More negative, less likely to get infected on treatment")
label_txt <- paste("median =", round(median(draws$VE), 2))
ggplot(draws, aes(x = VE)) +
geom_density(fill = "blue", alpha = .2) +
expand_limits(y = 0) + theme_minimal() +
geom_vline(xintercept = median(draws$VE), size = 0.2) +
annotate("text", x = 0.958, y = 10, label = label_txt, size = 3) +
xlab("Vaccine effectiveness") +
ggtitle("Pfizer study protocol defines VE = 1 - Pt/Pc")

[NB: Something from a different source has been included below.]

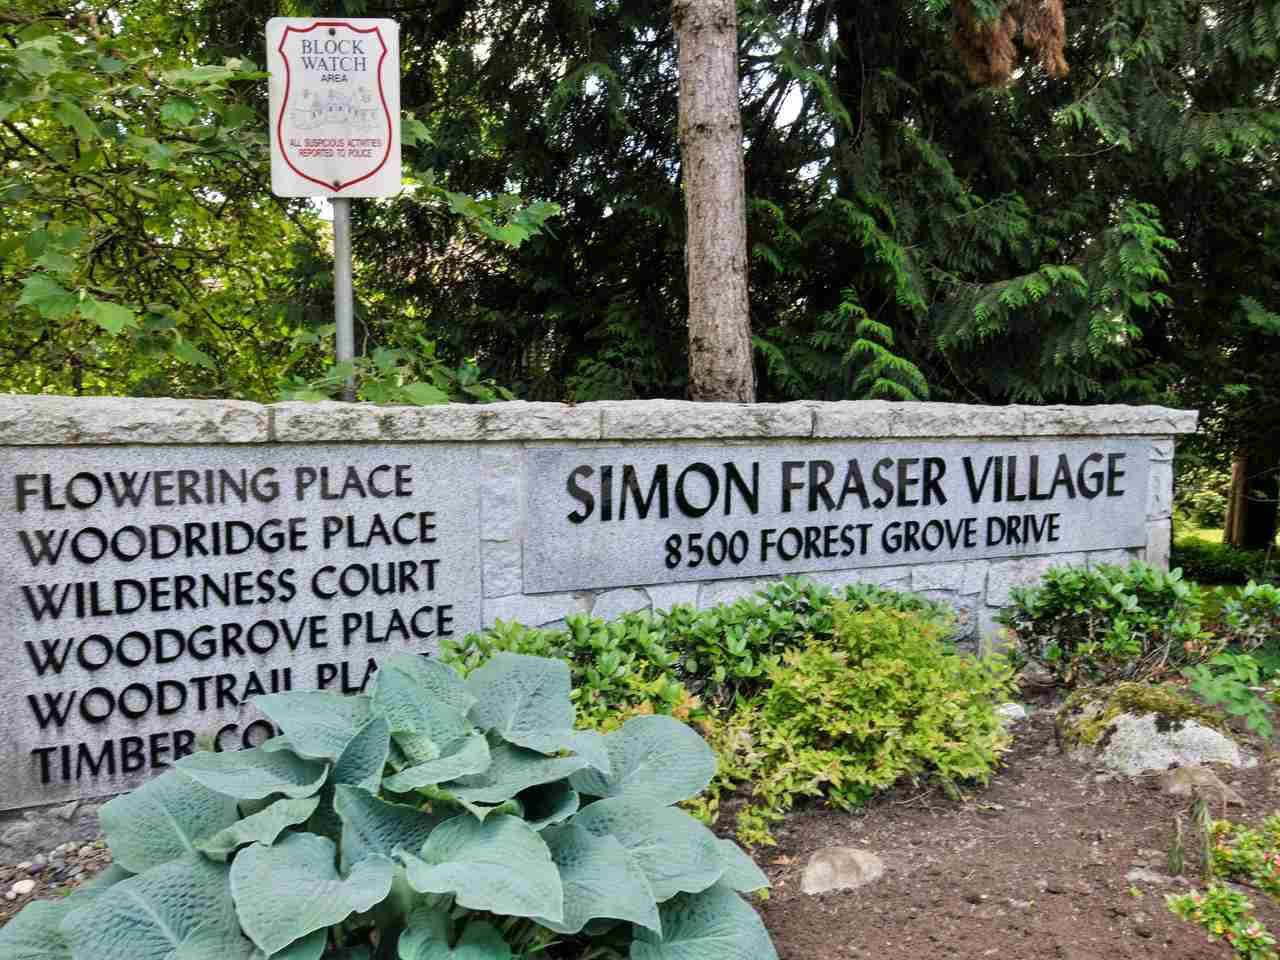 Welcome to Simon Fraser Village

quant <- round(quantile(draws$VE, probs = c(0.05, 0.5, 0.95)), 2)
So if we observe 162 infections in placebo group and 8 in the vaccinated group, the vaccine could be considered to be about 0.95 effective with the likely effectiveness anywhere between 0.91 and 0.97 which represents a median and 90% quantile interval. We should insist that reporters produce uncertainty estimates and the reporters in turn should insist that companies provide them.